Binary Quantization & Rescoring: 96% Less Memory, Faster Search

Mai Nguyen and Henry Weller
December 12, 2024 | Updated: March 5, 2025
#Vector Search

We are excited to share that several new vector quantization capabilities are now available in public preview in MongoDB Atlas Vector Search: support for binary quantized vector ingestion, automatic scalar quantization, and automatic binary quantization and rescoring.

Together with our recently released support for scalar quantized vector ingestion, these capabilities will empower developers to scale semantic search and generative AI applications more cost-effectively.

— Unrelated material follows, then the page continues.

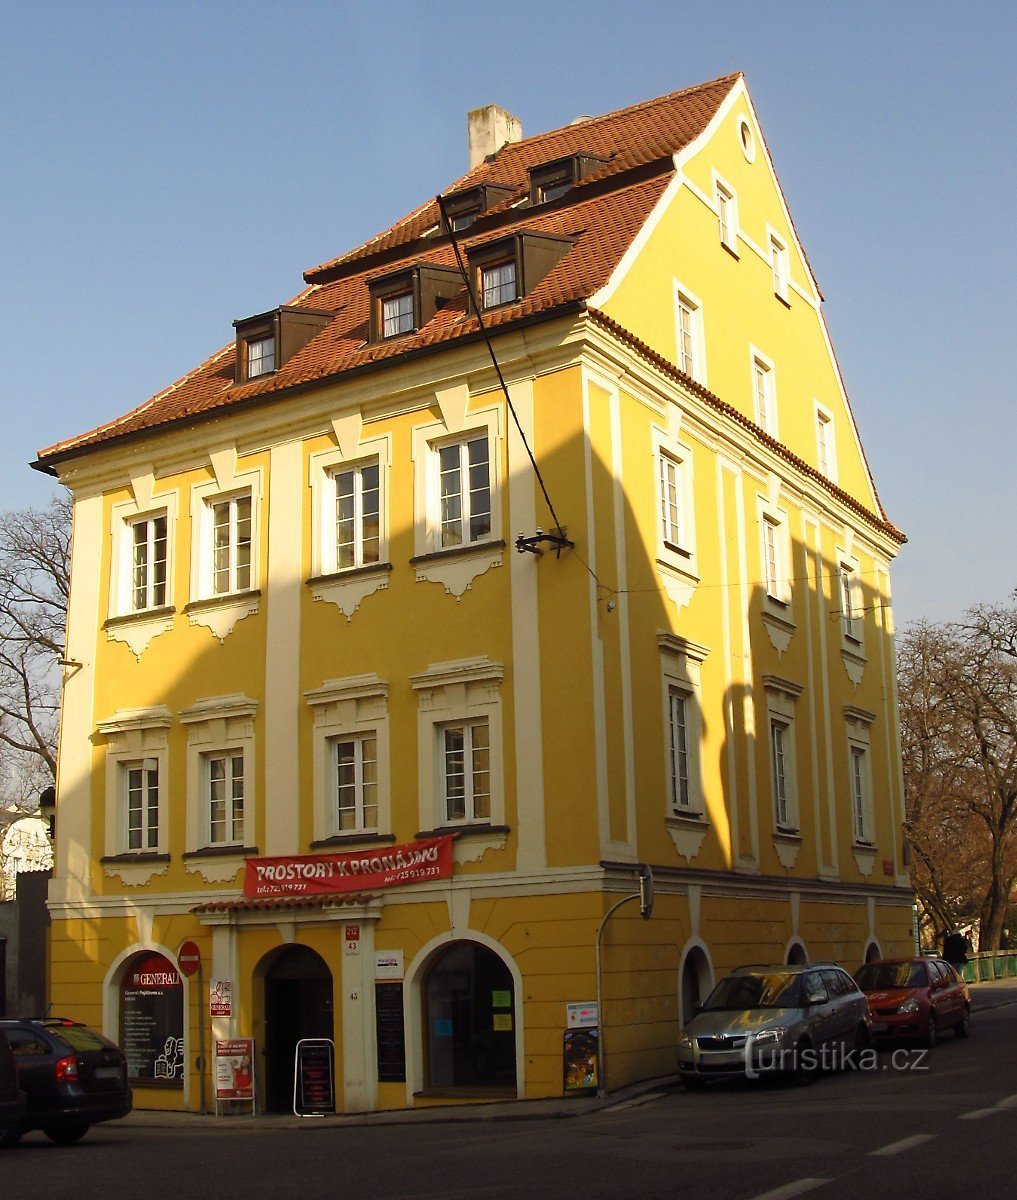 Taxberger House - České Budějovice

For a primer on vector quantization, check out our previous blog post.

Enhanced developer experience with native quantization in Atlas Vector Search

Effective quantization methods—specifically scalar and binary quantization—can now be done automatically in Atlas Vector Search. This makes it easier and more cost-effective for developers to use Atlas Vector Search to unlock a wide range of applications, particularly those requiring over a million vectors.

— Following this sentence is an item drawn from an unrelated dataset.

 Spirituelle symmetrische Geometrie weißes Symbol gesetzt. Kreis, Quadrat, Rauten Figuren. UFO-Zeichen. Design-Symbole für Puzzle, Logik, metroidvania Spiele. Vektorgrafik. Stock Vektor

With the new “quantization” index definition parameters, developers can choose to use full-fidelity vectors by specifying “none,” or they can quantize vector embeddings by specifying the desired quantization type—”scalar” or “binary” (Figure 1). This native quantization capability supports vector embeddings from any model provider as well as MongoDB’s BinData float32 vector subtype.

Figure 1: New index definition parameters for specifying automatic quantization type in
Atlas Vector Search

Screenshot of example index definition parameters

Scalar quantization—converting a float point into an integer—is generally used when it's crucial to maintain search accuracy on par with full-precision vectors. Meanwhile, binary quantization—converting a float point into a single bit of 0 or 1—is more suitable for scenarios where storage and memory efficiency are paramount, and a slight reduction in search accuracy is acceptable. If you’re interested in learning more about this process, check out our documentation.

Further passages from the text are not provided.